Court Upholds Disallowance of Excess Interest Deduction Under Income Tax Act

This case involves Muthoot Finance Corporation (the appellant) challenging a decision by the Income Tax Tribunal. The Tribunal had disallowed a deduction claimed by the appellant for interest paid to depositors above the legal limit set by the Kerala Money Lenders Act. The High Court dismissed the appeal, upholding the Tribunal's decision.

Case Name**: 

Muthoot Finance Corporation vs Commissioner of Income Tax


**Key Takeaways**:

1. Expenditure prohibited by law cannot be claimed as a deduction under Section 37(1) (of Income Tax Act, 1961).

2. The Explanation to Section 37(1) (of Income Tax Act, 1961), inserted by Finance Act 1998 with retrospective effect from 1960, clarifies that expenditure for illegal purposes or prohibited by law is not deductible.

3. The court distinguished this case from earlier precedents due to the introduction of the Explanation to Section 37(1) (of Income Tax Act, 1961).


**Issue**: 

Can a financial enterprise claim a deduction under Section 37(1) (of Income Tax Act, 1961), for interest paid to depositors in excess of the legal limit set by the Kerala Money Lenders Act?


**Facts**:

1. Muthoot Finance Corporation is a financial enterprise that accepts fixed deposits and pays interest to depositors .

2. For the assessment year 1996-97, the assessing officer enhanced the returned income by Rs.1,14,983/-, which represented interest paid in excess of the 14% limit set by the Kerala Money Lenders Act .

3. The appellant appealed this decision through various stages, ultimately reaching the High Court .


**Arguments**:

Appellant's arguments:

1. The appellant relied on the Supreme Court judgment in Commissioner of Income Tax, Patiala v. Piara Singh (1980), arguing that even illegal income could be subject to deductions .
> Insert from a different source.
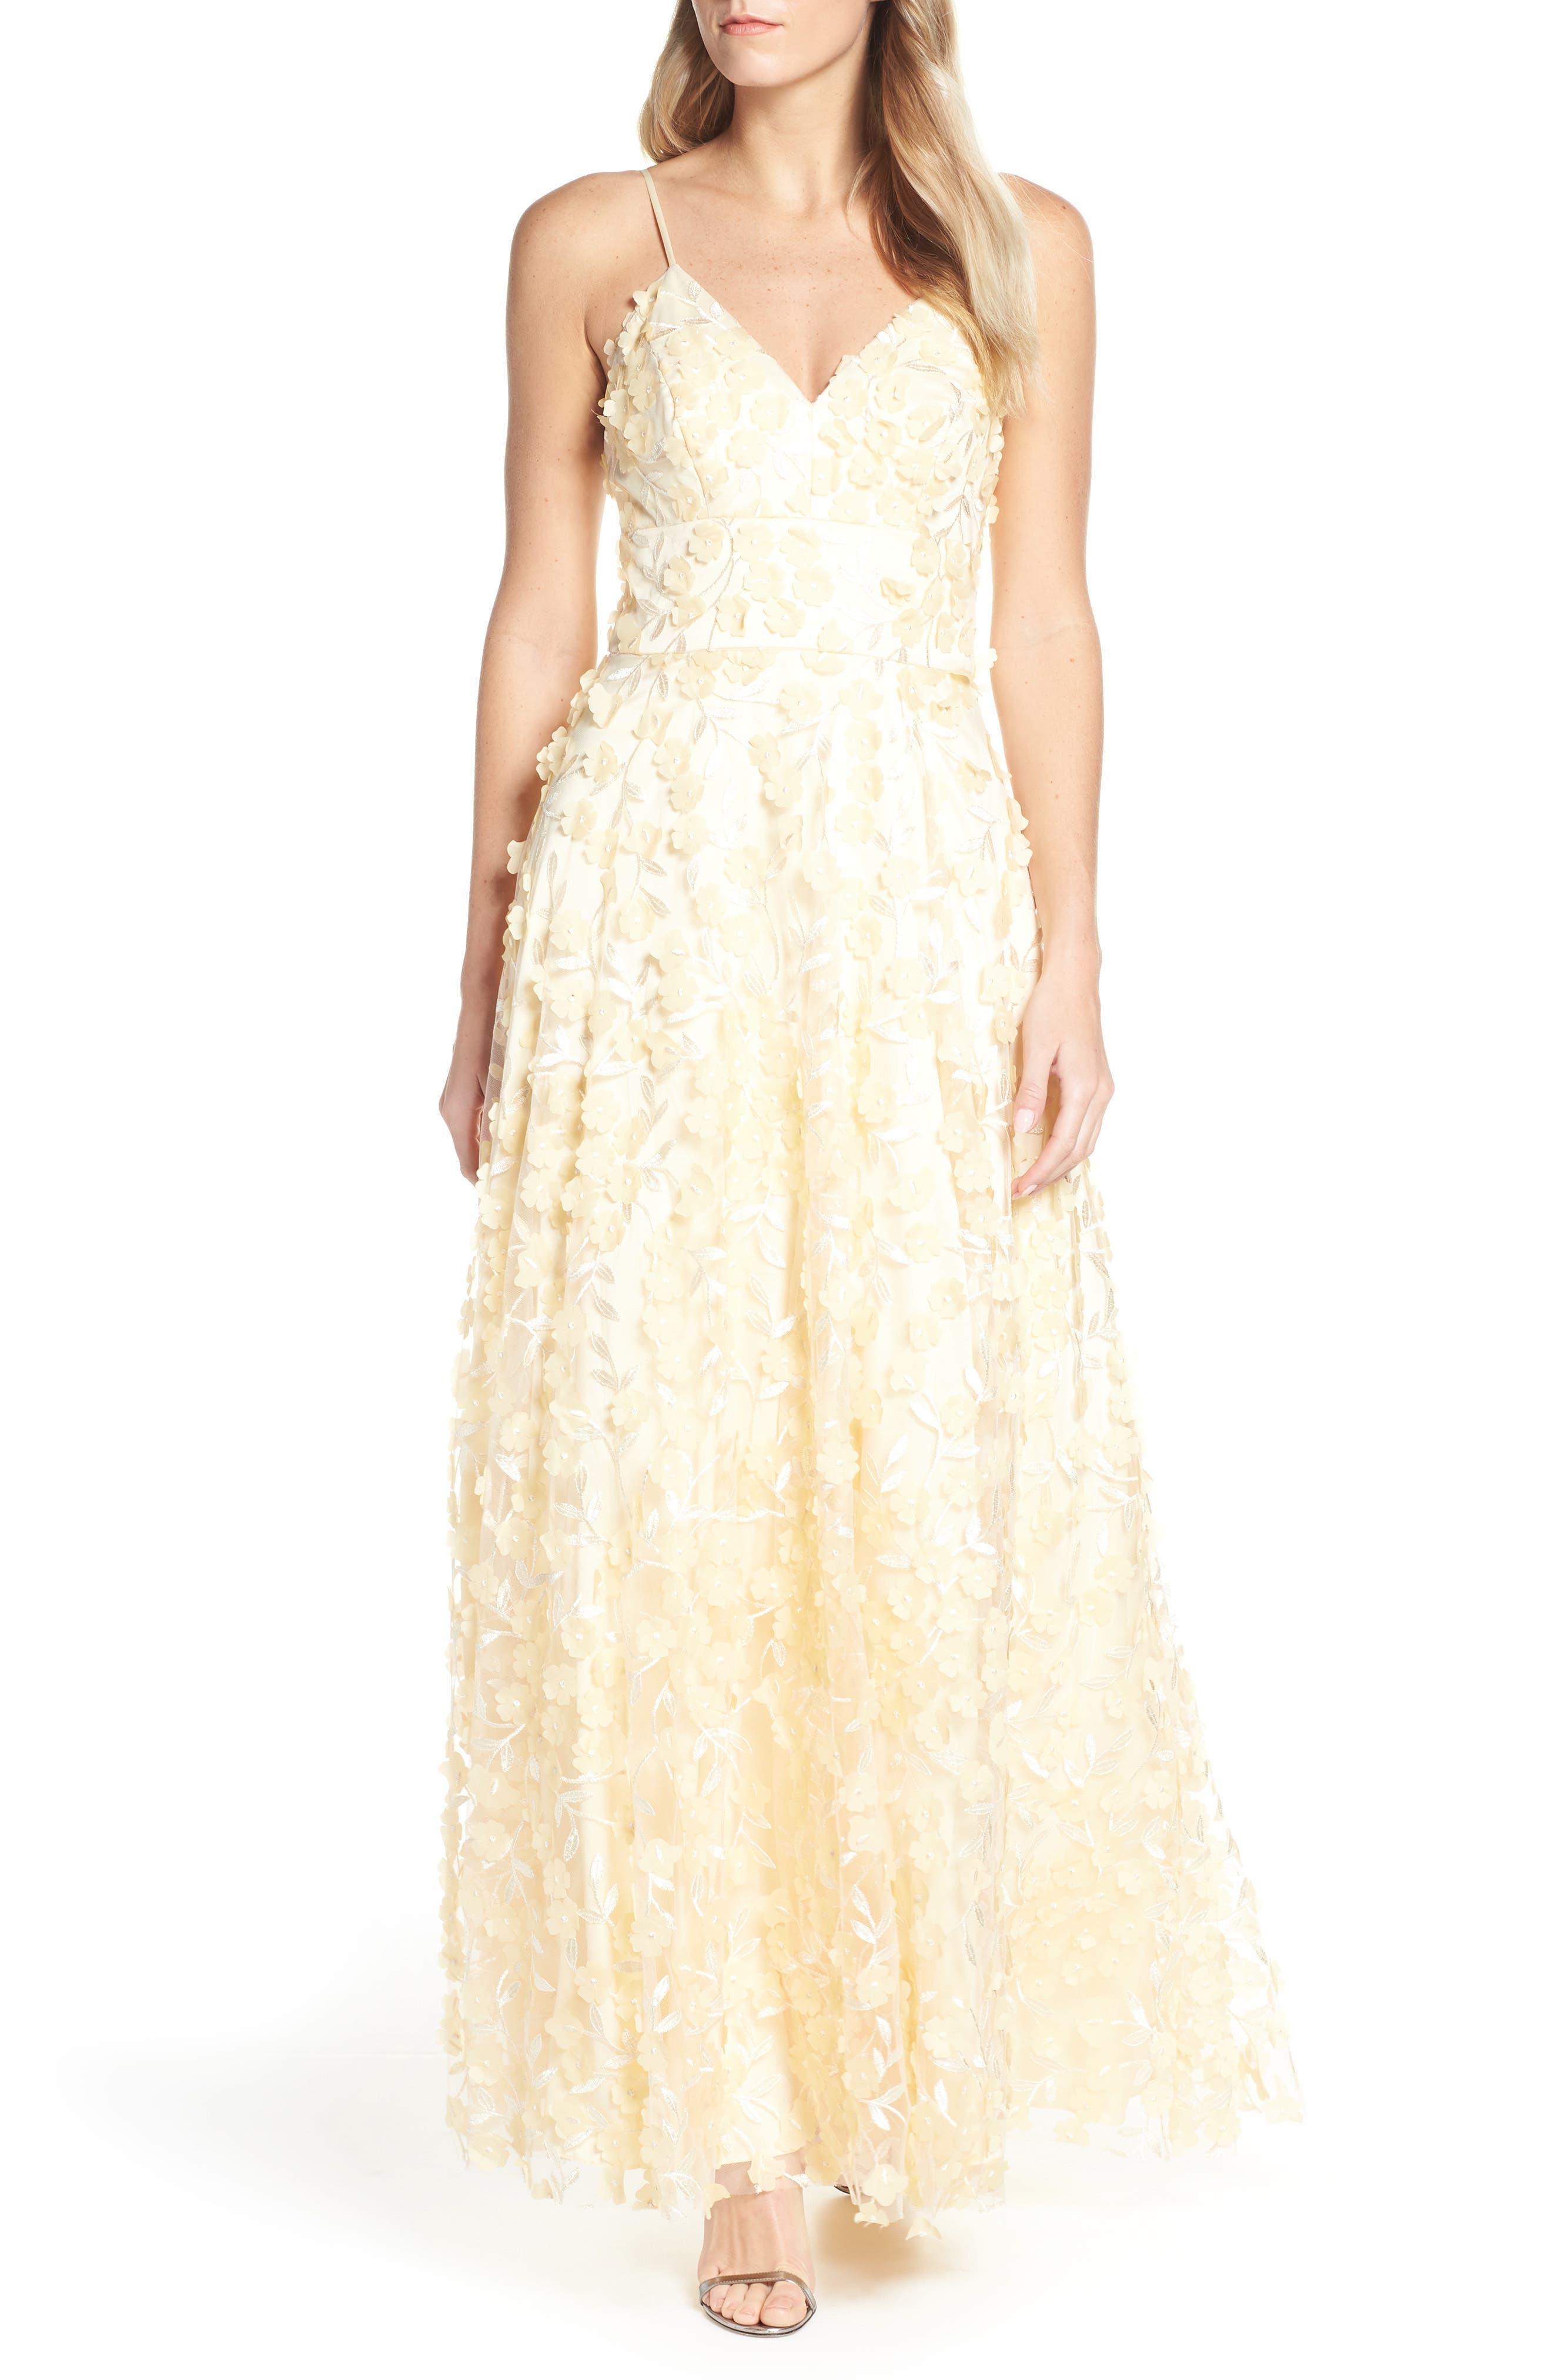 Eliza J Floral Applique Evening Dress, Yellow

2. They contended that if tainted income is taxed, the expenses related to it should be allowed as deductions .

3. The appellant argued that paying excess interest should not be treated as an offence .


Revenue's arguments:

1. The Revenue pointed out that the Explanation to Section 37 (of Income Tax Act, 1961) was inserted by Finance Act No.2/1998 with effect from 01/04/1960, which was not present in the earlier Income Tax Act of 1922 .

2. They argued that this case involved applying the terms of the Explanation to Section 37 (of Income Tax Act, 1961) to the facts at hand .


**Key Legal Precedents**:

1. Commissioner of Income Tax, Patiala v. Piara Singh 124 (1980) ITR 40: This case, decided under the Income Tax Act, 1922, allowed deduction of losses incurred in illegal business. However, the court distinguished it from the present case due to the absence of a provision similar to the Explanation to Section 37 (of Income Tax Act, 1961) in the 1922 Act .


**Judgement**:

1. The High Court dismissed the appeal, upholding the Tribunal's decision .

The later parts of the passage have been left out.